Work request -
Each line below is to be repeated exactly; any picture is to be left out.

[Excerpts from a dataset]
• • • • • • •
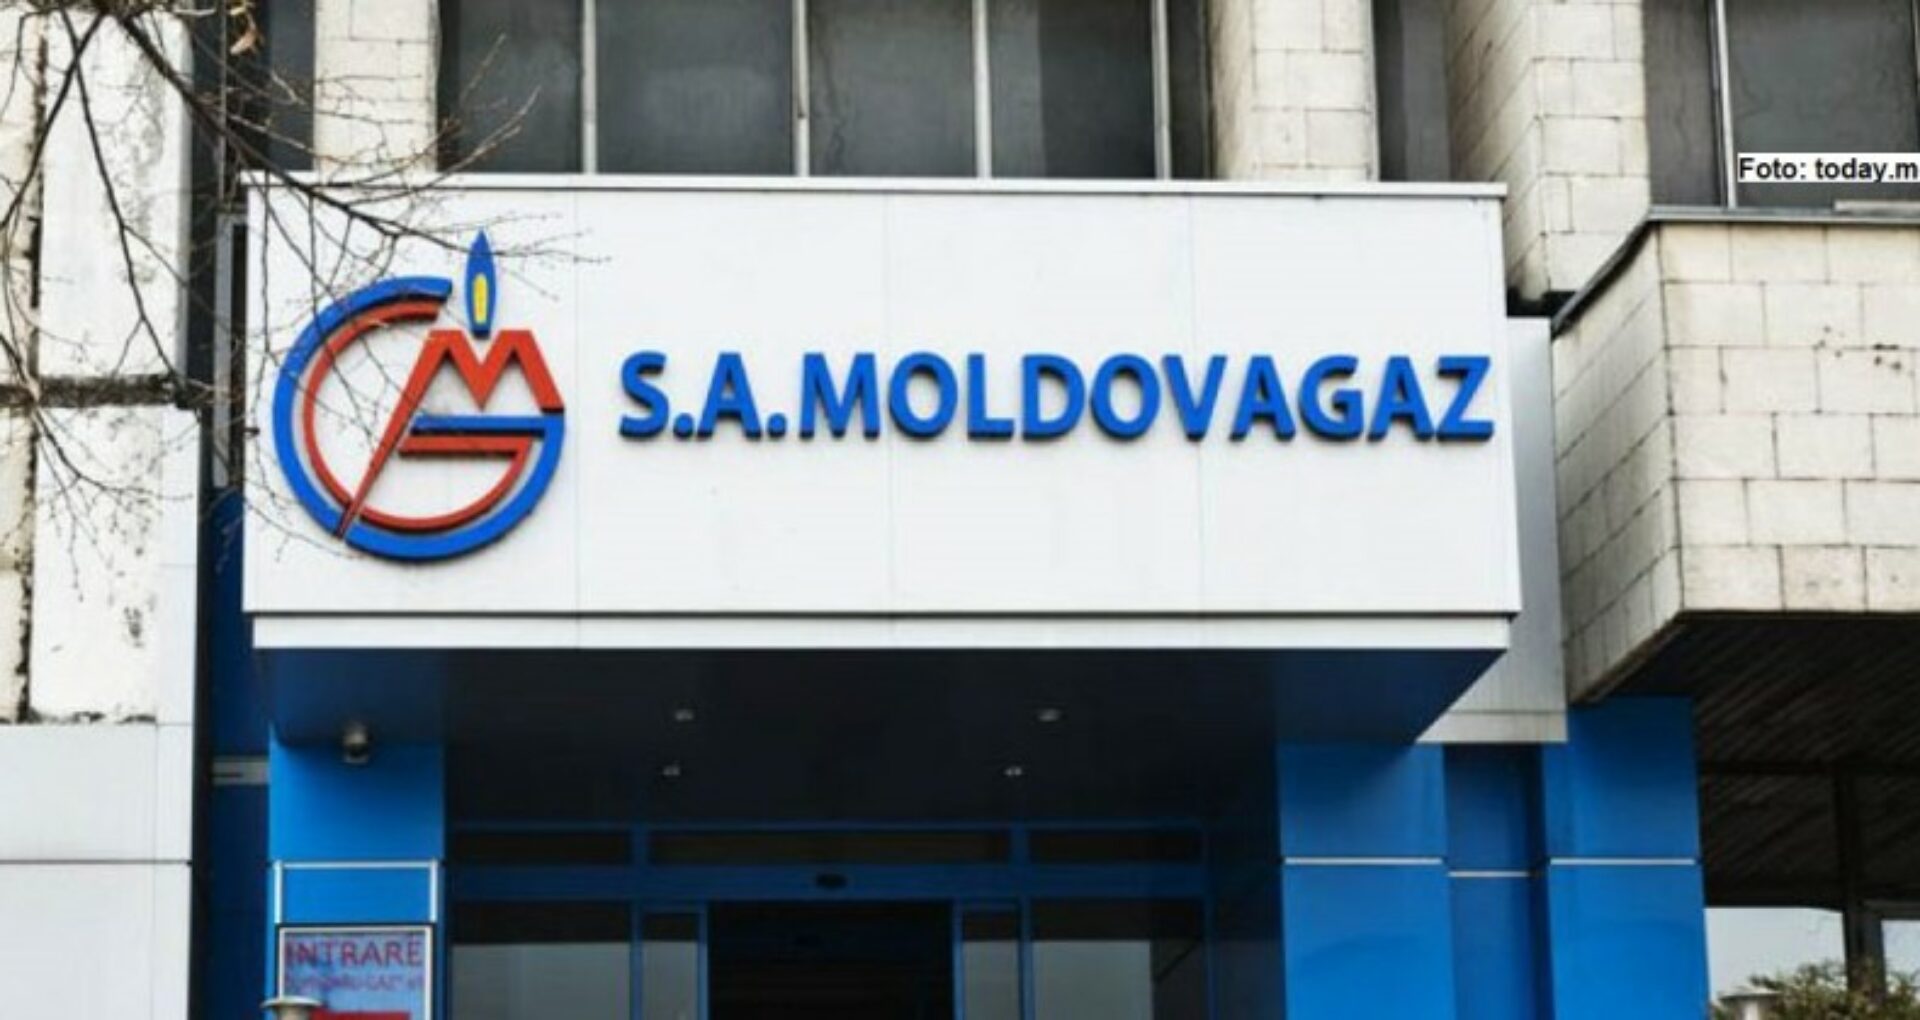 Moldovagaz anunță că a transferat către Gazprom plata pentru gazele naturale furnizate în decembrie 2021
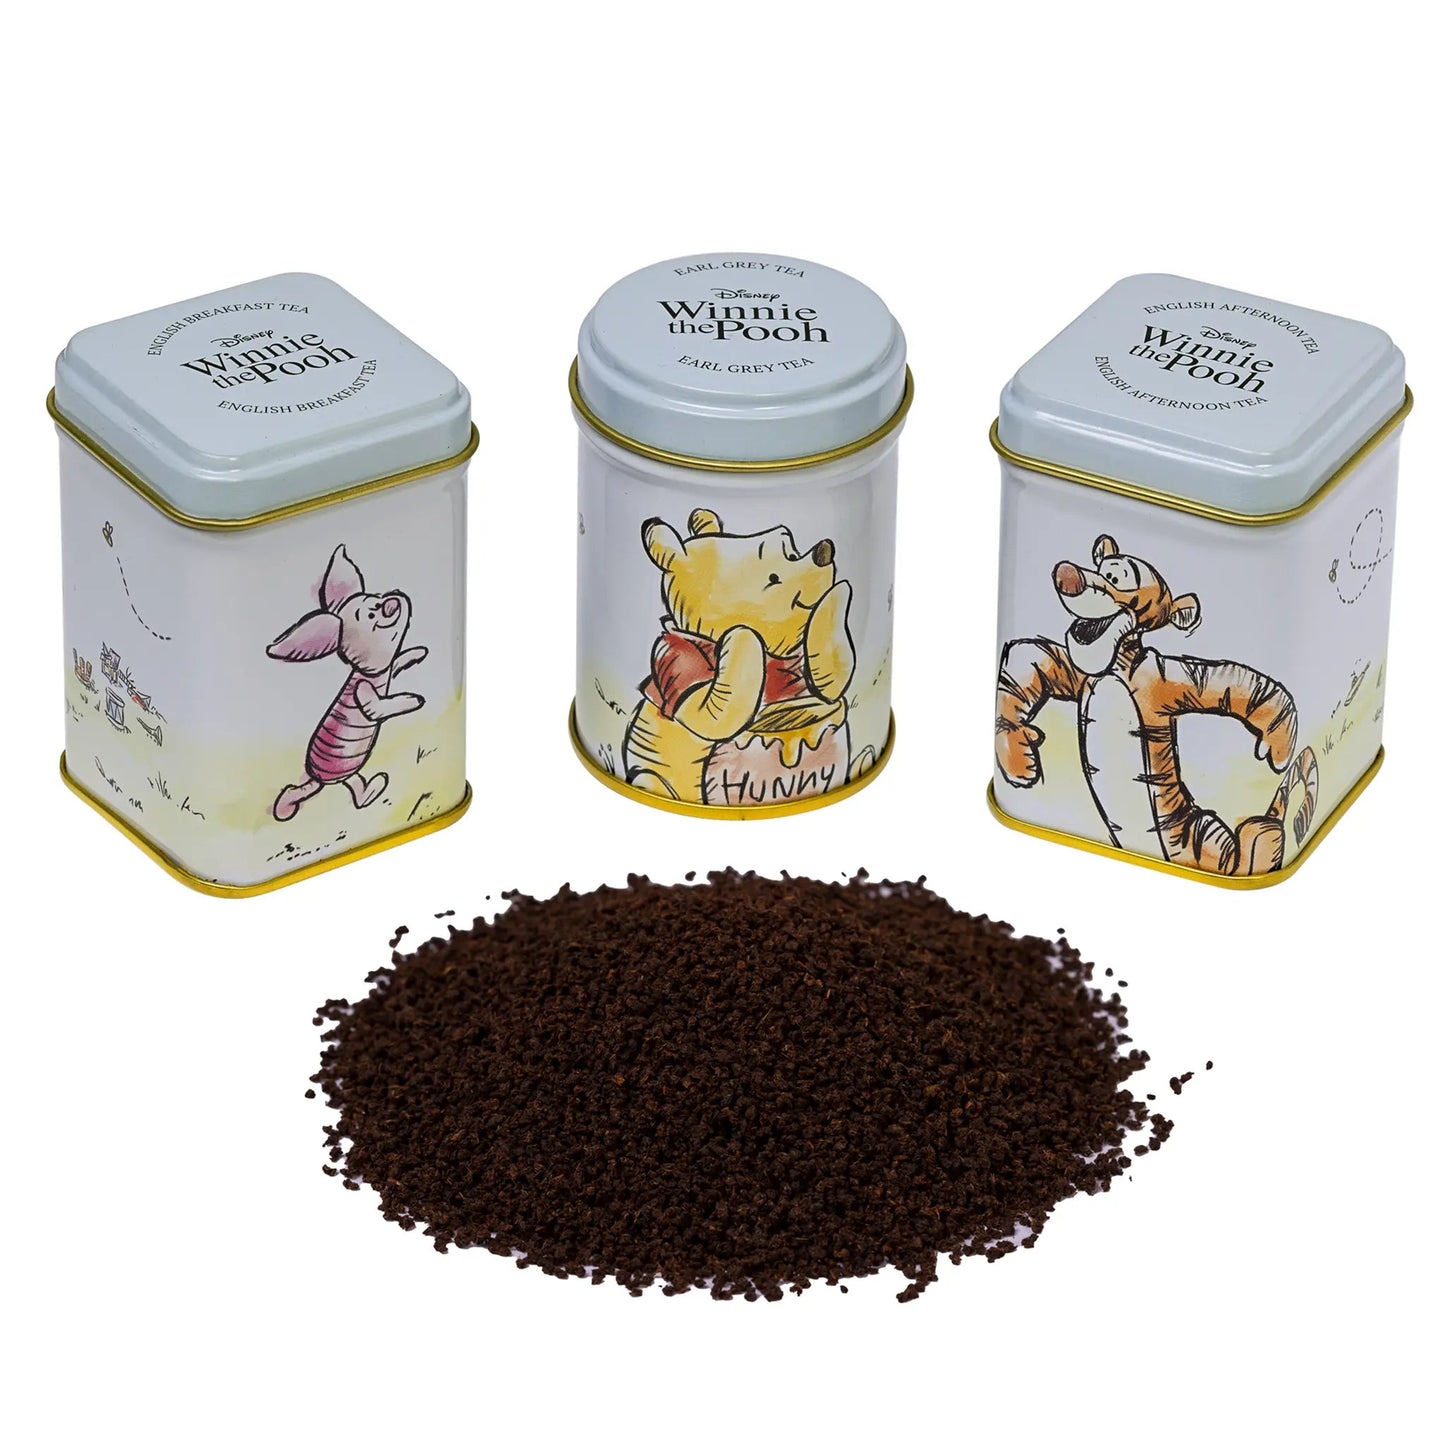 Winnie The Pooh Mini Tin Gift Set Tea Tins New English Teas 
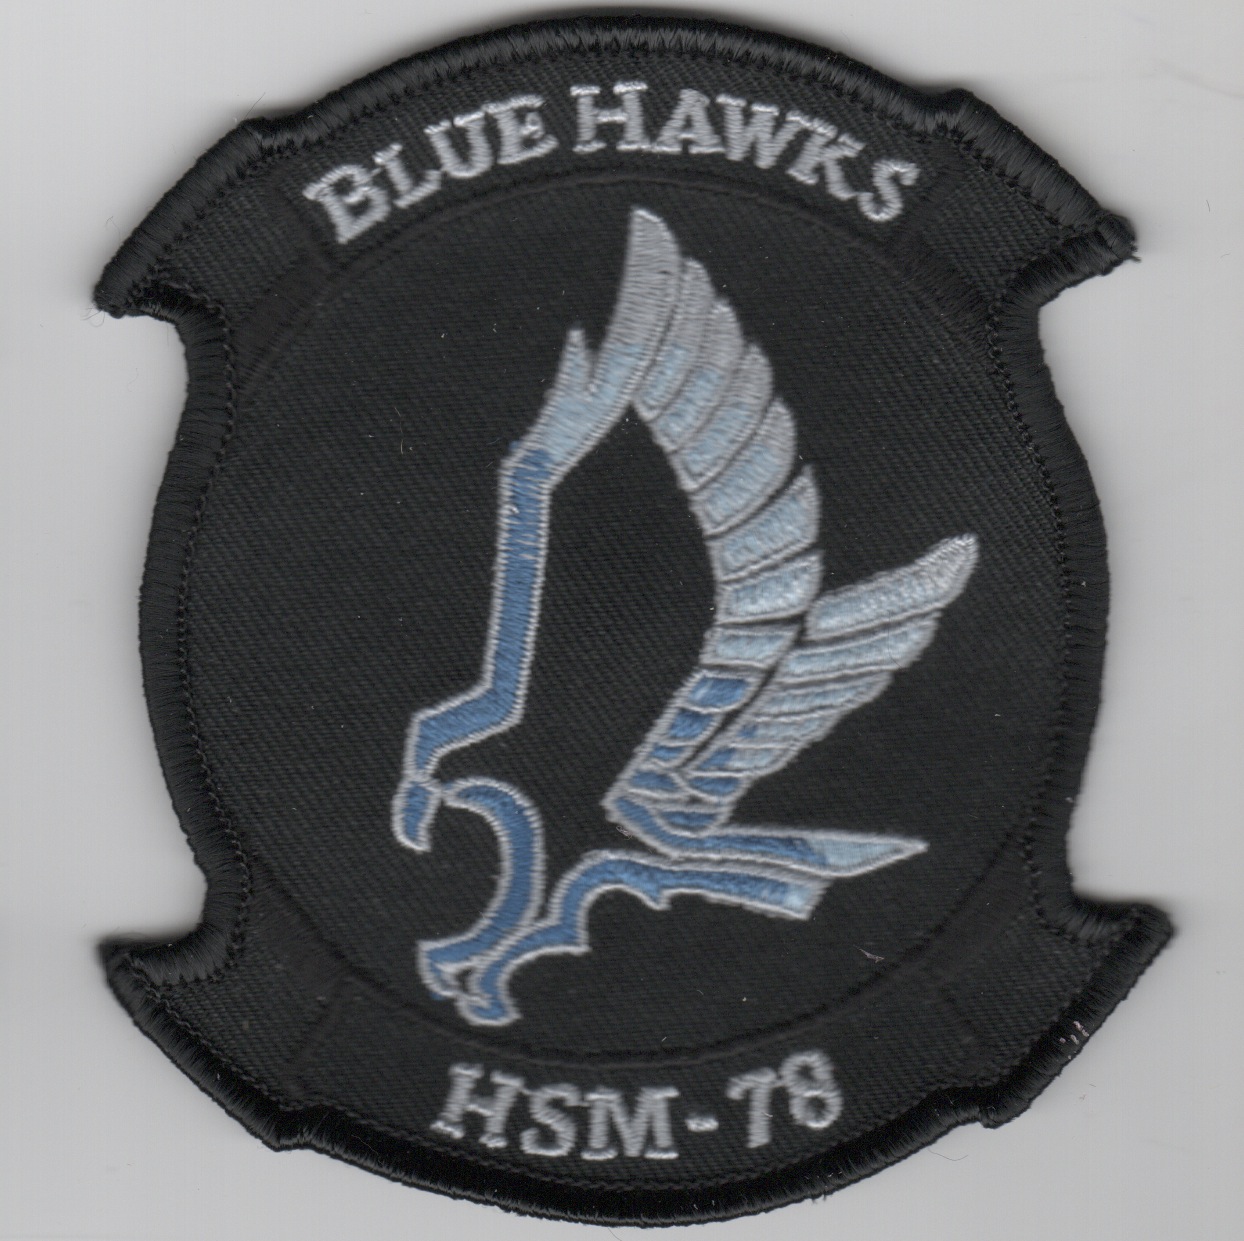 HSM-78 Squadron Patch (Black)
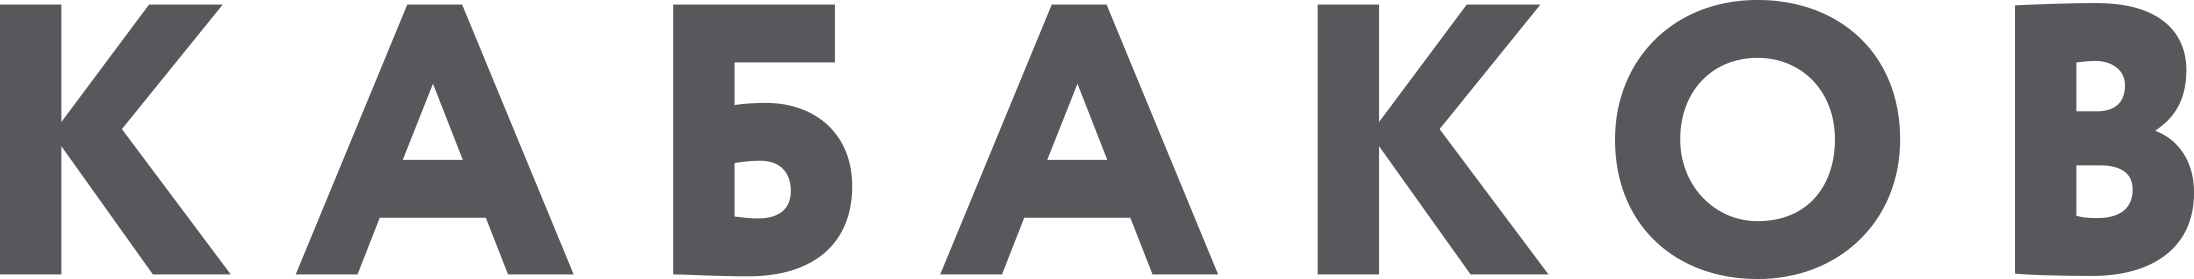 ilya kabakov official typographic logo
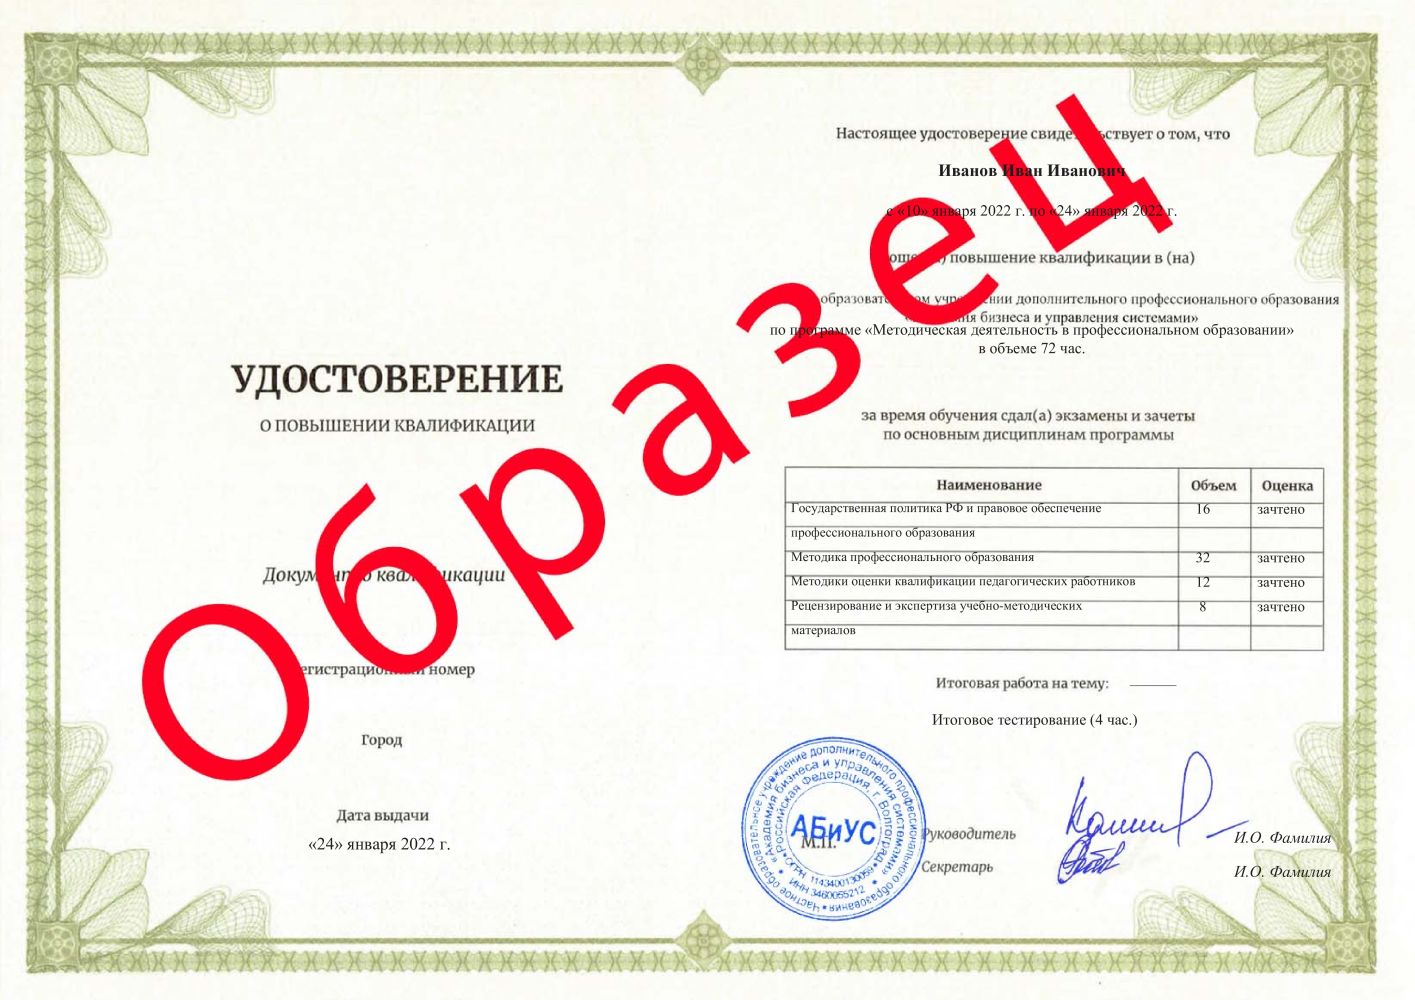 Удостоверение Методическая деятельность в профессиональном образовании 72 часа 2813 руб.
• • • • • • •
Answer box -
 Moldovagaz anunță că a transferat către Gazprom plata pentru gazele naturale furnizate în decembrie 2021
 Winnie The Pooh Mini Tin Gift Set Tea Tins New English Teas 
 HSM-78 Squadron Patch (Black)
 ilya kabakov official typographic logo
 Удостоверение Методическая деятельность в профессиональном образовании 72 часа 2813 руб.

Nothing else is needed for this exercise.